Molly had just been burned to life and thrown back to a world she'd not been in for absolutely ages. After all that anyone could use a friend, not to mention lodgings, and Beef was pretty likely the only living person she'd know. So it was probably as much need as romance that had her seeking him out.

Comment from: Shaenon posted at February 6, 2006 9:33 PM

The observation that Americans equate wealth with status (not to mention class, etiquette, etc.) is pretty accurate. I thought of this while watching the latest movie version of "Pride and Prejudice." There's a point where the Bennetts, landed gentry, need a large sum of money, and they have to borrow it from their middle-class merchant relatives. Afterwards, I had to explain to my husband that this was because the Bennetts have titles and breeding and status and acres of land, but they don't actually have much *money.*

I admit the link between Jane Austen and the Orangina at Ray's Little League game may seem tenuous at best, but it all fits together. I swear.
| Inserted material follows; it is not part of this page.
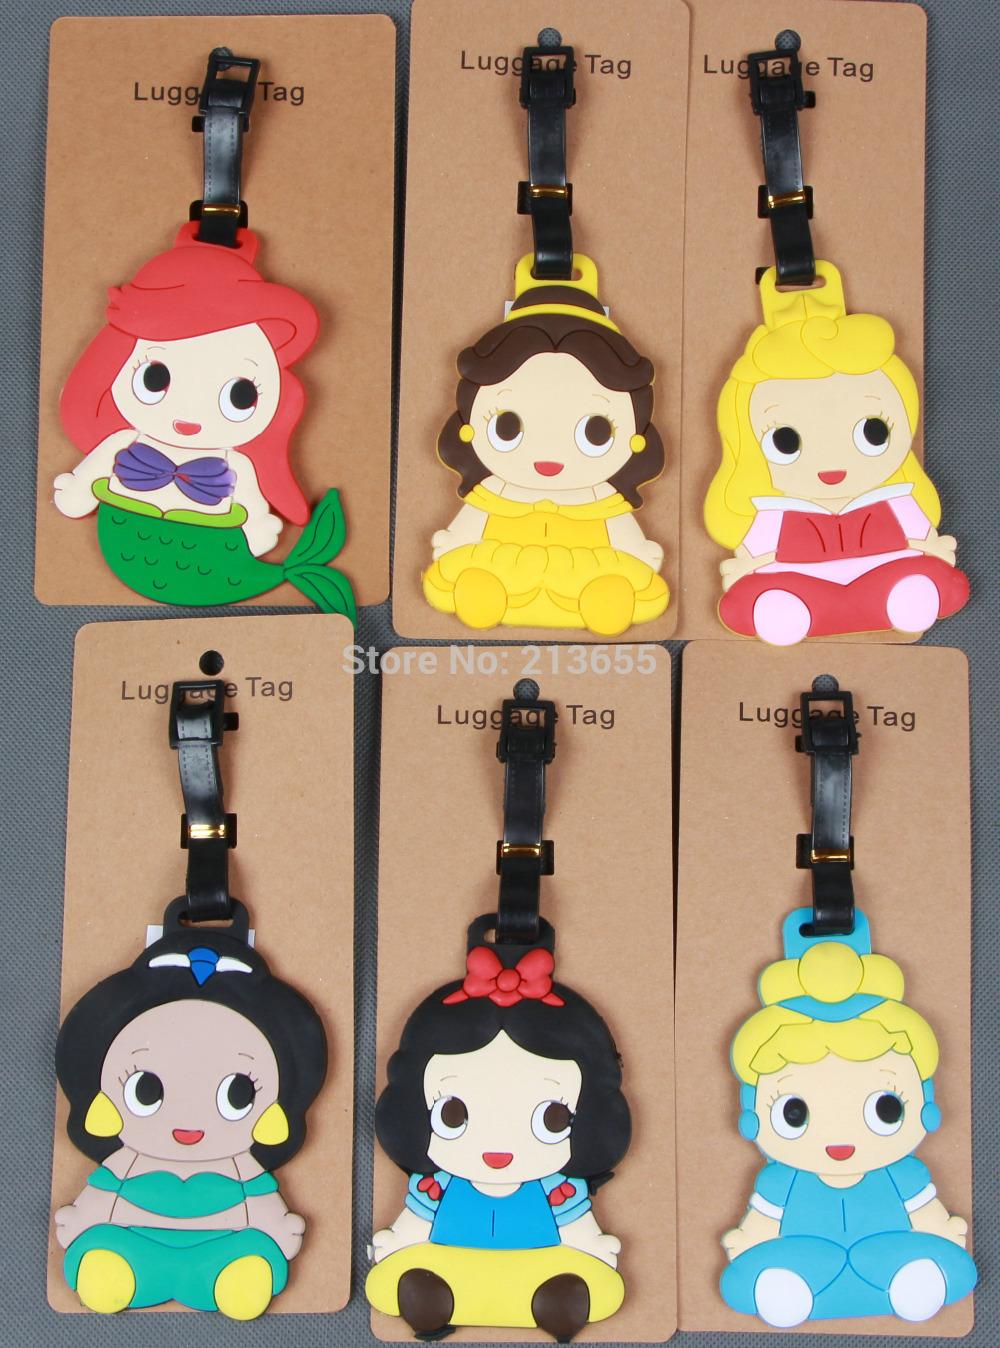 Free shipping 1pcs new arriving popular luggage tags Princess Snow White Aurora Mermaid suitcase bag tag(China (Mainland))

Roast Beef burying the shirt is one of my all-time favorite Achewood strips, mostly because I understand the logic behind it *perfectly.*

Comment from: MagnoliaPearl posted at February 8, 2006 11:22 PM

My dearest hope is that Achewood will go down in history as one of the finest pieces of literature of our time, as it more than deserves to.

Comment from: MagnoliaPearl posted at February 8, 2006 11:31 PM

I also wanted to say how scared I am of Beef in this storyline.
He's behaving much differently than normal. He's got a kind of cold confidence going on. We've seen him with confidence - drunk in heaven, after the Yahoo hack. Those times were different.
Plus its disconcerting to see his eyes obstructed. In my experience readin' comics that is never, EVER a good sign.
The first thing it made me think of was that the last time he wore glasses (besides, like, the Weezer/iMac makeover) was his childhood.
The second thing was, it makes him a little more like Ray.

Or maybe I'm just reading into this too much.